» DIRECTIONS
Your output must be the lines below from the line containing "Virginie Suys Children" to the line containing "Маркировка резисторов", both lines included, reproduced exactly and without pictures.

» EXERCISE INPUT
Segment Open
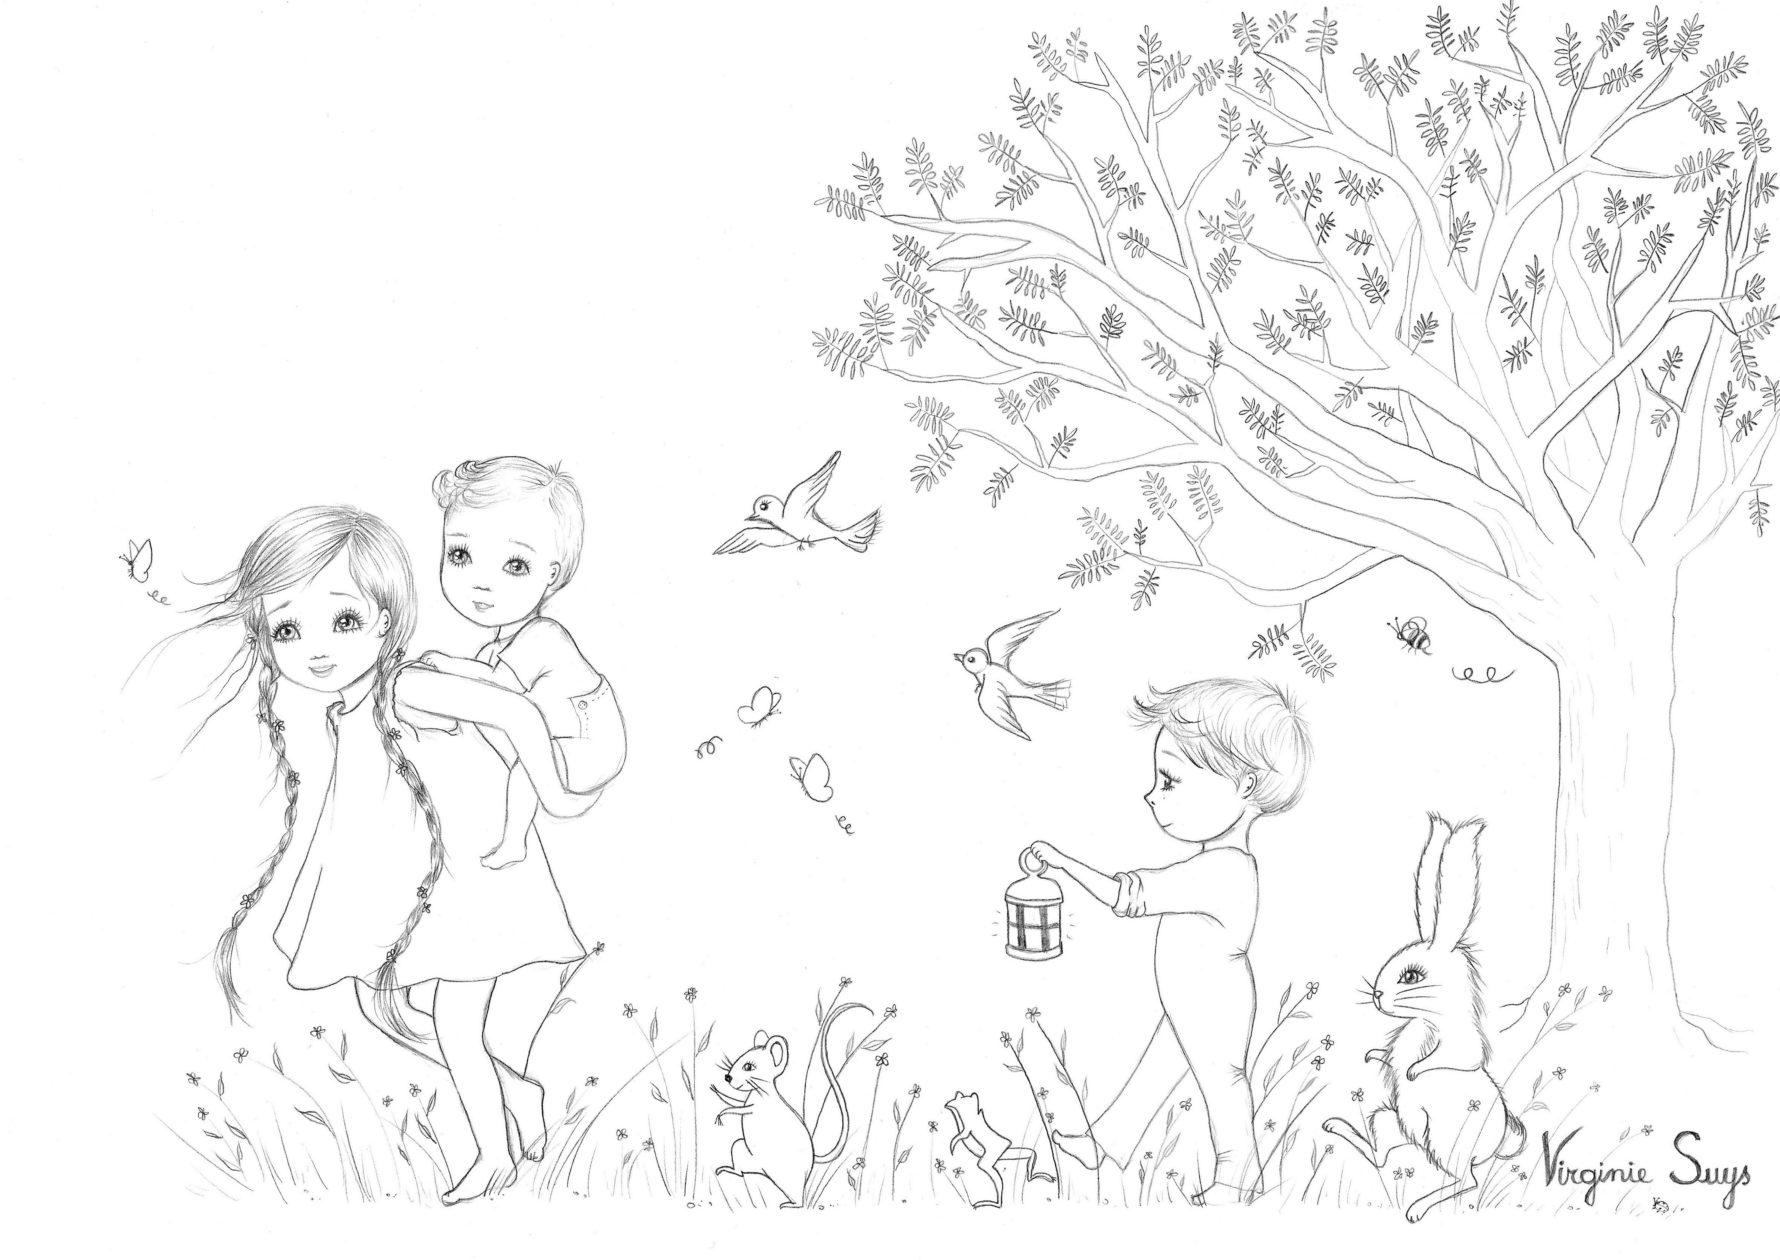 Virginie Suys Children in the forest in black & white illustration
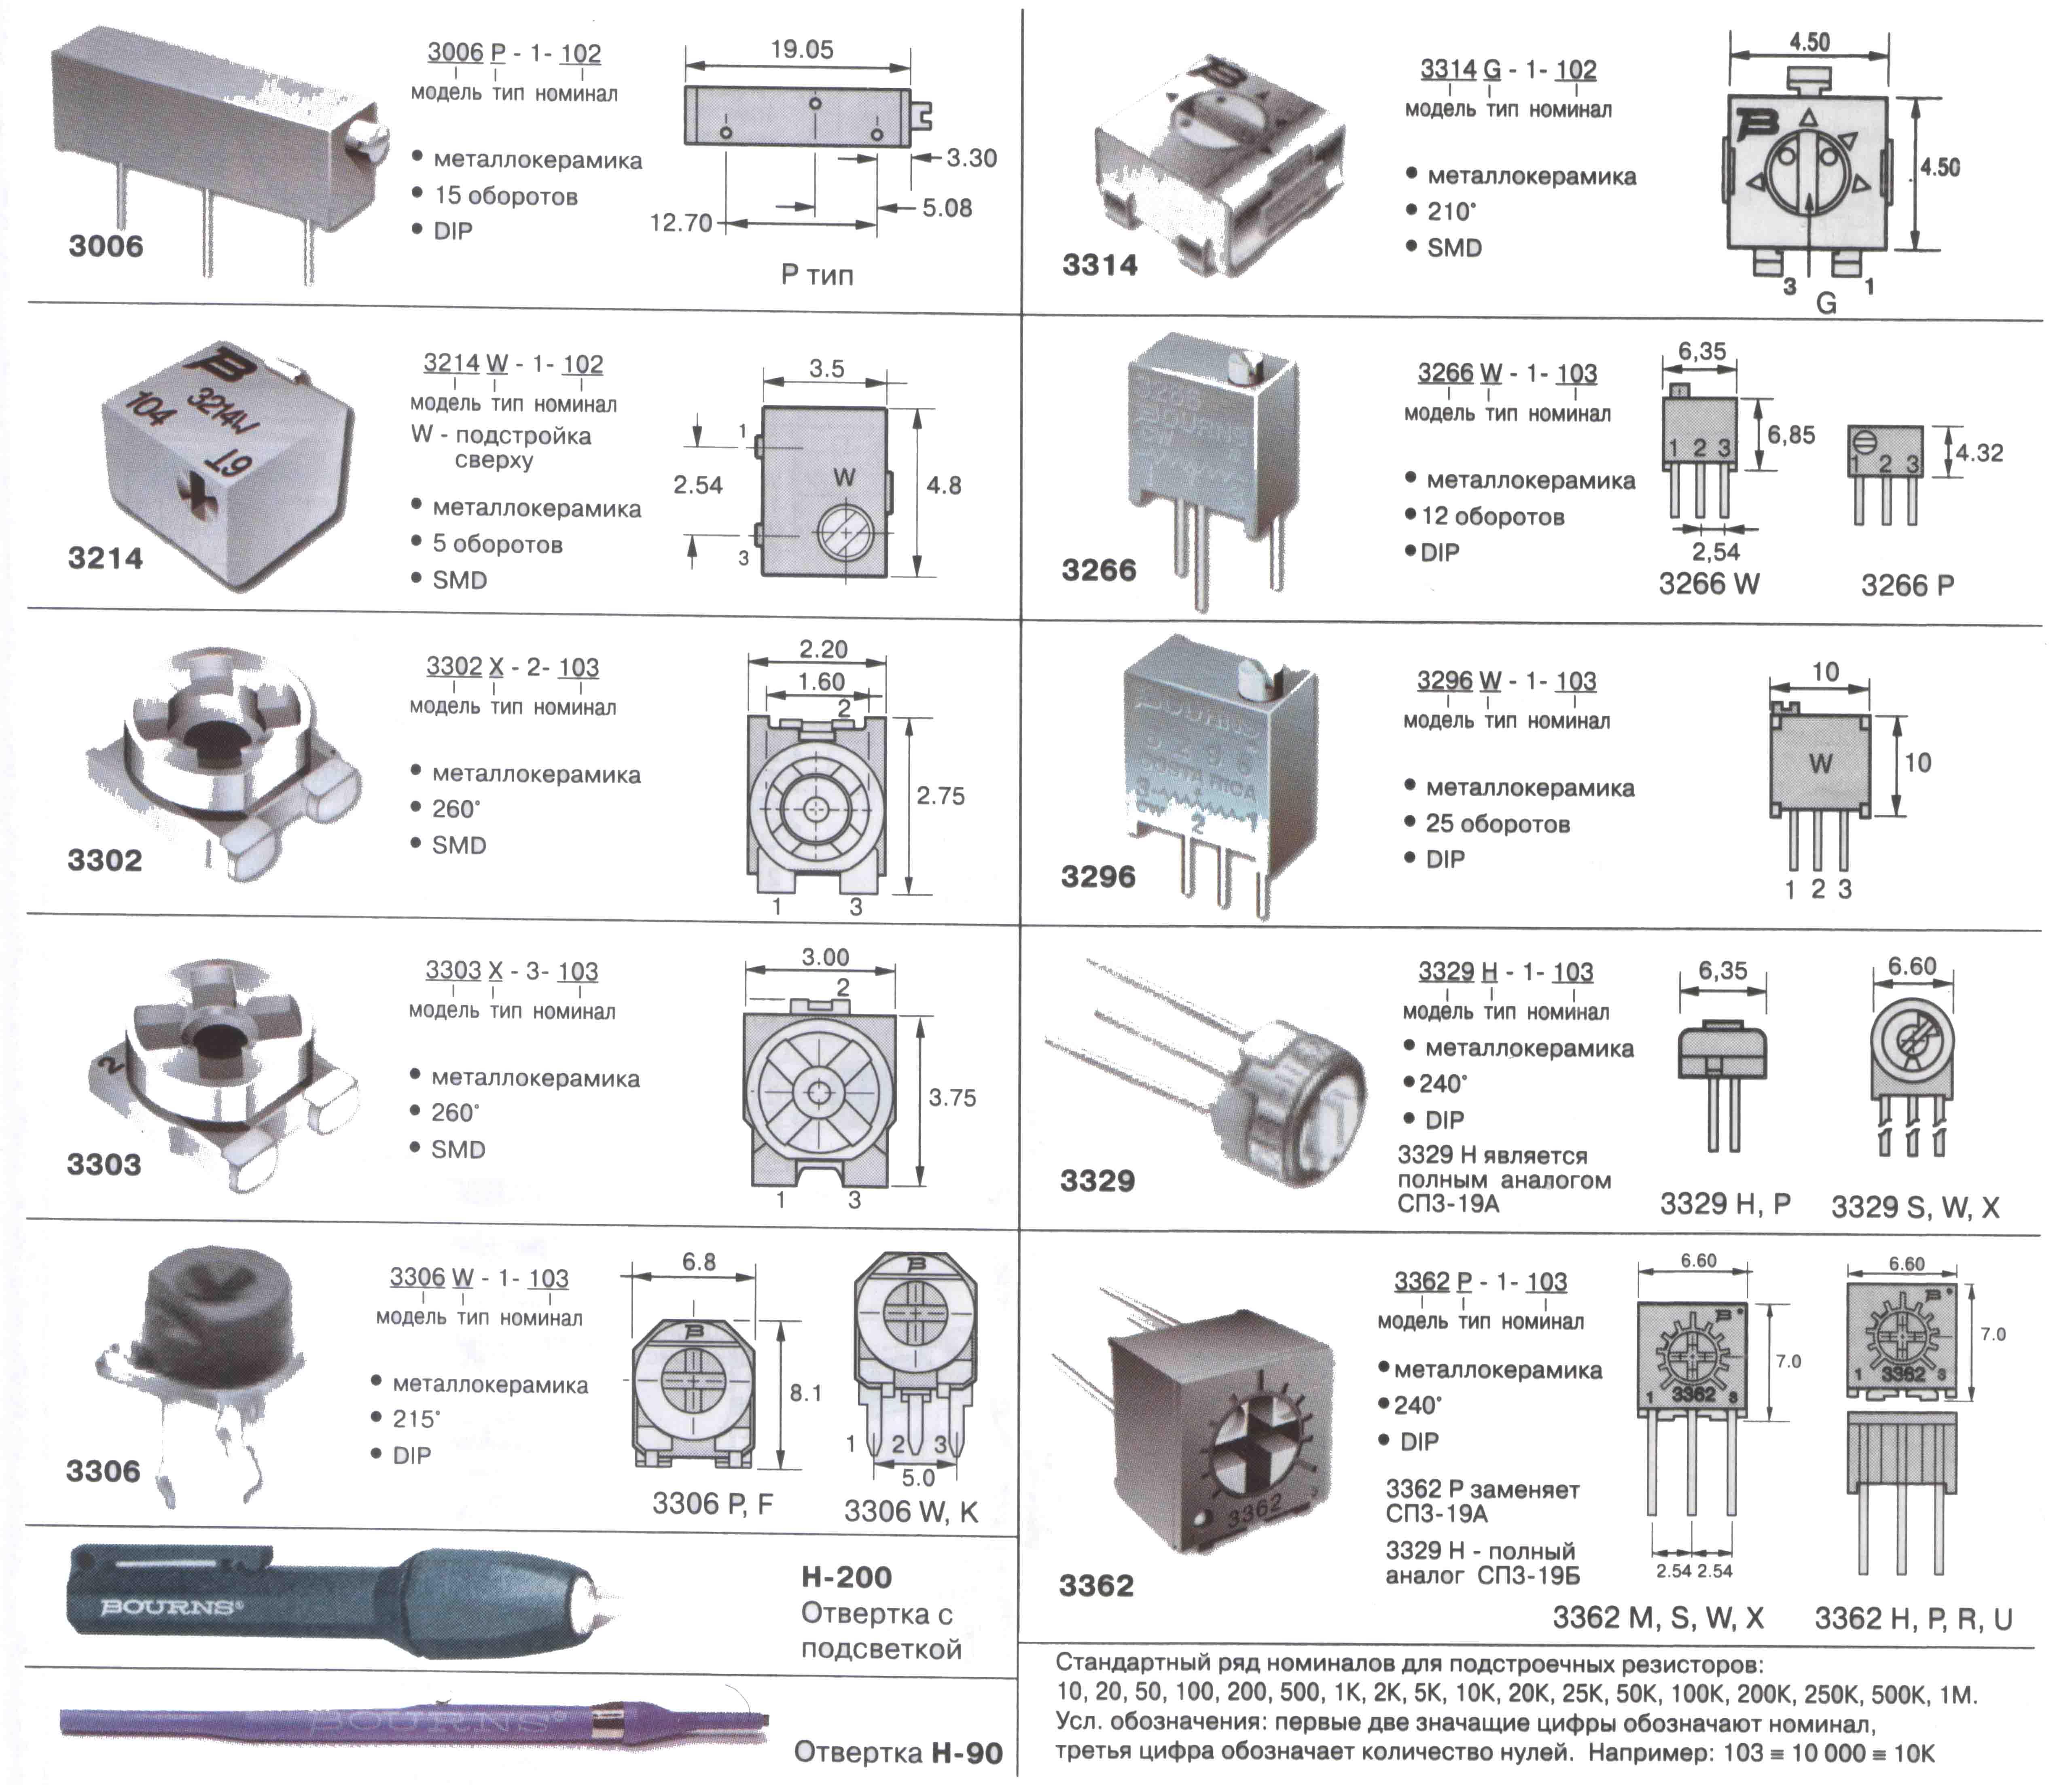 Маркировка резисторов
Segment Closed
Segment Open
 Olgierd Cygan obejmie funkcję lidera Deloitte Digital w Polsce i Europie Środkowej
Segment Closed
» ANSWER TO THE PROBLEM
 Virginie Suys Children in the forest in black & white illustration
 Маркировка резисторов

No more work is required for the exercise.